Целый год мы не расставались с Софийкой ни на один день. В прошлое лето днём гоняли на велосипедах, а вечерами сидели за её компьютером. Зимой ходили в одну школу и вместе смотрели мультфильмы на выходных. Очень часто мне снились сны о нашей свадьбе…

А потом наступил август 2014 года. Наш Иловайск то и дело переходил из рук в руки к разным сторонам этой кровавой бойни.

У военных действует принцип: если не знаешь, что тебя ожидает за дверью, первой туда заходит граната, а после того, как она разорвётся, следуешь ты. Именно так произошло, когда я с мамой и семья Софийки прятались в подвале нашего дома. Снаружи приоткрылась створка и по бетонному полу, с глухим металлическим стуком в нашу сторону покатился смертельный яйцеобразный предмет. Штуковина разорвалась вспышкой тысячи фотоаппаратов и грохотом падающего неба. У меня потемнело в глазах, и нестерпимой болью в ушах засел пронзительный звон. В дверной проём показалось красное лицо, обезображенное косматой рыжей бородой.

- Тьфу ты, опять гражданские!

Бородач смачно выругался и убрался прочь.

Я потихоньку приходил в сознание. Первой очнулась мама и бросилась ко мне. Её руки дрожали, она принялась вертеть мной в разные стороны, осматривая тело. Потом, убедившись, что всё в порядке, прижала к себе и зарыдала.

Первой моей мыслью была, цела ли Софийка? Я вырвался из объятий и обернулся к тому месту, где находилась моя любовь. Тётя Света сидела на корточках и прижимала к своей груди тройняшек. Своими ладонями она закрывала им глаза, её тело трясло, а рот жадно хватал воздух. У её ног лежало бездыханное окровавленное тело мужа.

Впервые в своей жизни я увидел смерть. Это потом она станет сопровождать меня всюду, следуя за каждым шагом, подсматривая за мной во все щели. Врут те, кто говорят, что к смерти можно привыкнуть.

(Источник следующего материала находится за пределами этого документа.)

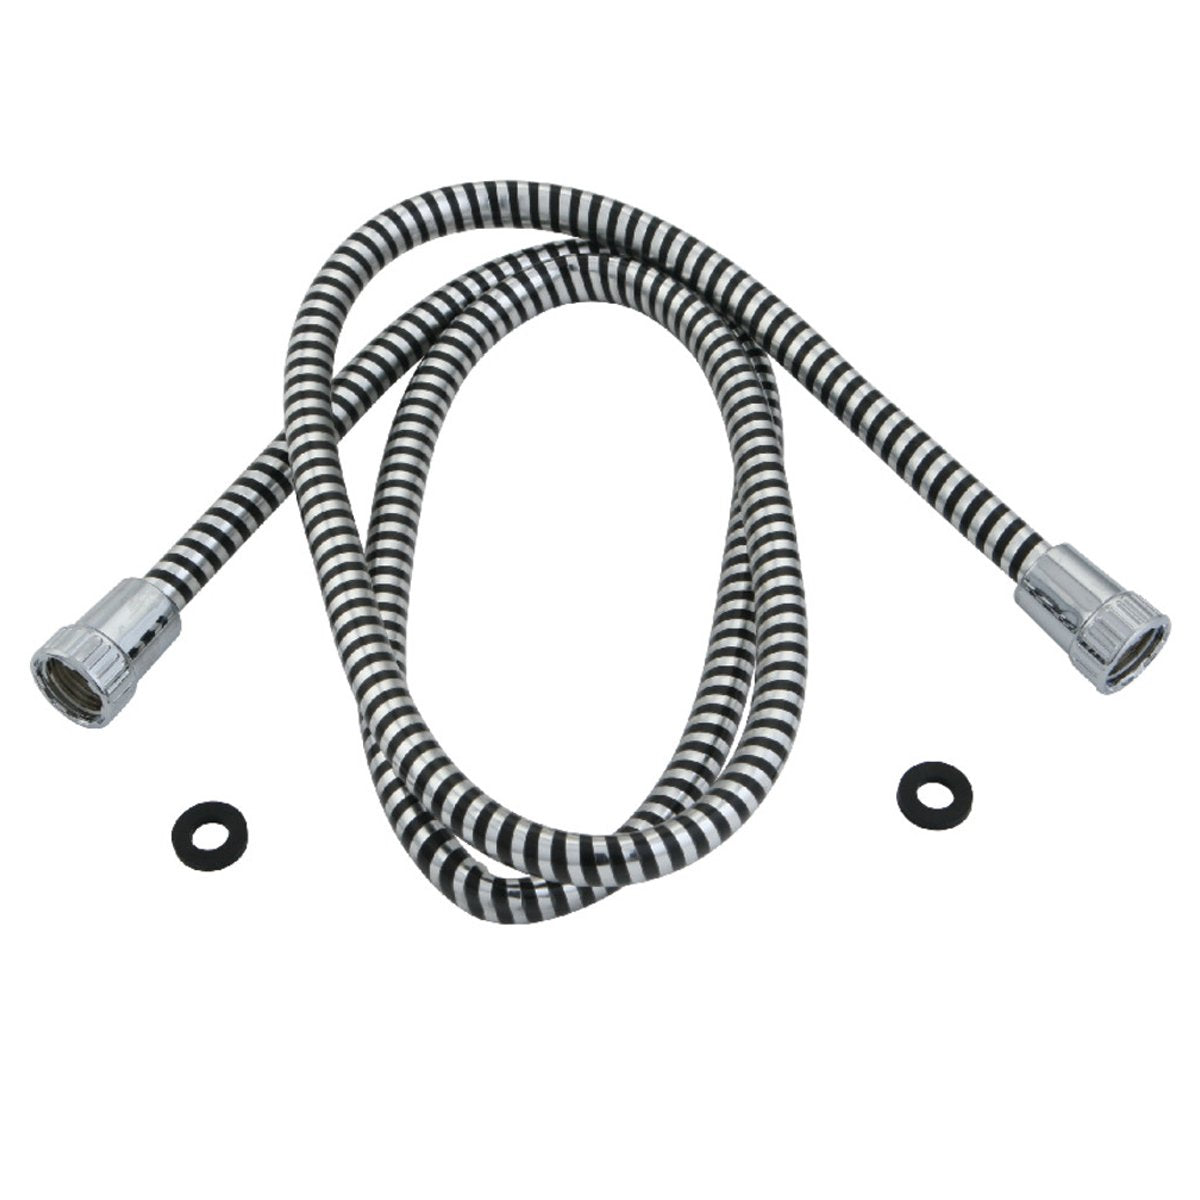 Kingston Brass 59" Plastic Hose For KX2101 and KX2522 Series in Black and Silver

Когда погибают люди, каждый раз ты испытываешь невыносимое чувство несправедливости от того, что взрослые, призванные Богом сделать детство счастливым, уничтожают чьих-то родителей. В нагрудных карманах убийц лежат фотографии жён и детей. Перед боем они целуют мятые квадратики бумаги с изображением своих близких, и с чистой совестью, с полной уверенностью в святости своей миссии, уничтожают чужие семьи… Вам всё ещё кажется, что к этому можно привыкнуть?

Прятаться в подвалах стало смертельно опасно. Мы не могли больше оставаться в черте города под перекрёстным огнём. Нашими мамами было принято решение покинуть свои жилища и искать убежище в полях, вдали от артиллерийской стрельбы. Взяв с собой самое необходимое, мы тронулись в путь.

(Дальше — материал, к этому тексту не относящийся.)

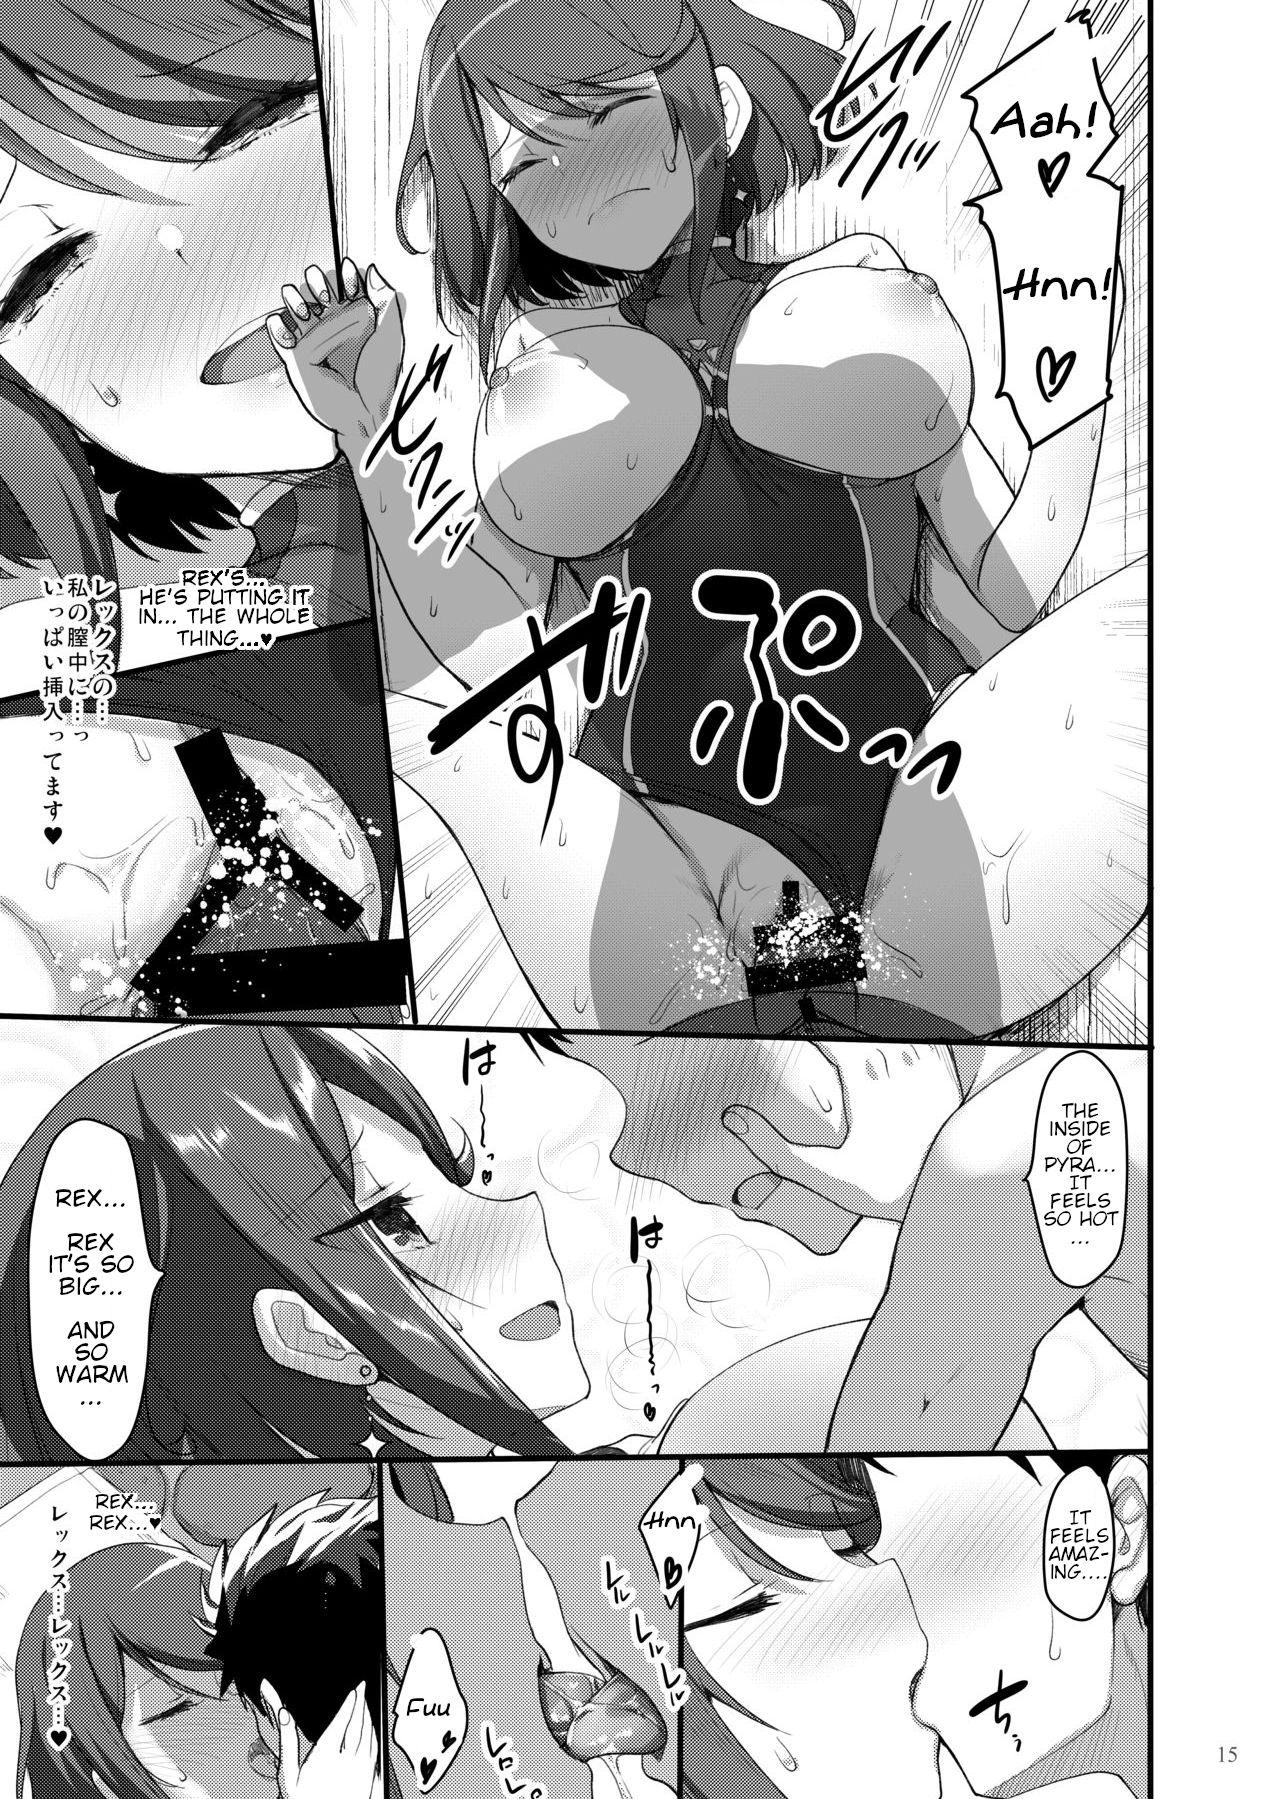 Old Young Mor Ardain's Sweet Night - Superbia no Amai Yoru - Xenoblade chronicles 2 Gaysex - Page 13

Жарким летом невозможно долго хранить продукты неиспорченными, поэтому в наши сумки предусмотрительно был помещён небольшой запас рыбных консервов, хлеба, воды и большое количество некой дряни, без которой мы вряд ли смогли бы выжить столько дней. Чесночная паста - так я назвал это тошнотворное блюдо. Уж не знаю, кому в голову пришла идея пропустить через мясорубку чеснок и сало, но первые дни нашего скитания кушать это было совершенно невозможно. Зато «гадость» обладала одним удивительным свойством. Расфасованная мамой в пустые металлические банки, паста, ничуть не меняя своего противного вкуса, оставалась пригодной к потреблению даже в пик августовского пекла. Мы мазали её на хлеб, а когда тот подошёл к концу, просто ели ложкой. Много, конечно, не проглотишь, но «штуковина» оказалась очень сытной и быстро утоляла голод.

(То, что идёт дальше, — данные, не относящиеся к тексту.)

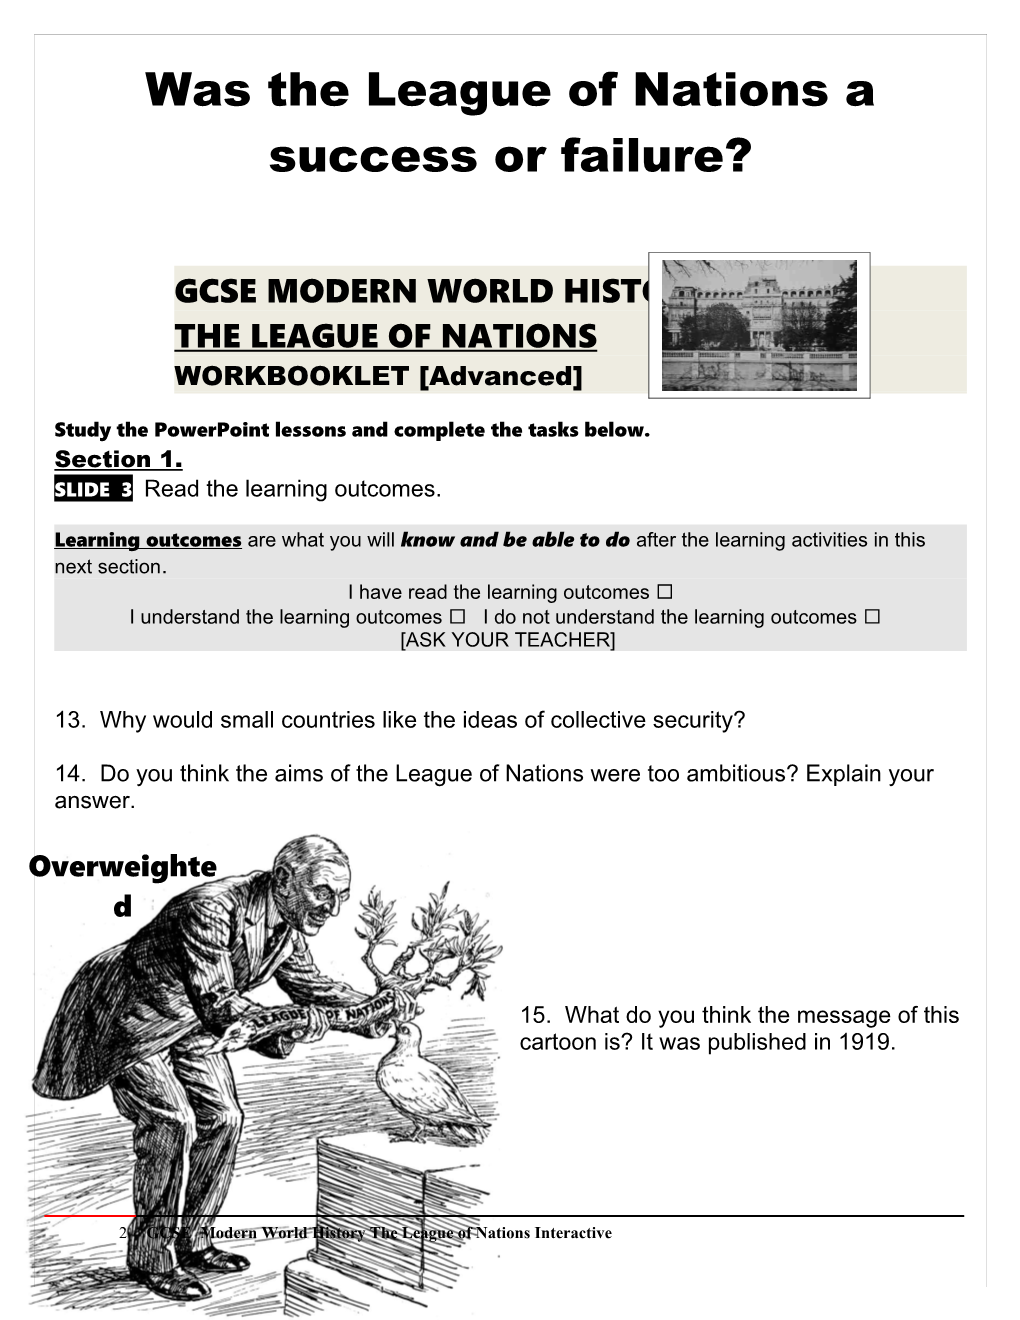 Was the League of Nations a Success Or Failure?

В первый же день мы поняли, что, несмотря на дневной зной, ночевать в открытом поле без укрытия очень холодно. Да и прятаться от осколков и шальных пуль куда надёжнее в убежище. Но здесь появилась сложность. У нас не было с собой ни лопаты, ни чего-то, что помогло бы вырыть траншею, вместившую двое взрослых и четверо детей. Проблема решилась сама собой. В ближайшей лесопосадке мы обнаружили труп в камуфляжной форме. На солдате был бронежилет, а вынутые оттуда пластины отлично подходили, чтобы использовать их в качестве приспособления для копания земли.

Три дня ушло на рытьё нашего убежища. Мы прозвали его «ямой». Мамины руки, нежные, мягкие, всегда пахнущие ароматным кремом, превратились в месиво из крови и волдырей.

Кот в шкафу

Это случилось в одну из вылазок в город в поисках еды. Мы шли за картошкой, мешками с которой была забита лоджия в квартире Софийки. Картошку можно запекать в золе, это куда вкуснее сально-чесночной бурды.

Кирпичная пятиэтажка, на удивление, осталась практически неповреждённой обстрелами. Украдкой мы пробрались к дому и встали перед покосившейся деревянной дверью подъезда. Дом, в свою очередь, уставился на нас тёмными глазницами пустых окон.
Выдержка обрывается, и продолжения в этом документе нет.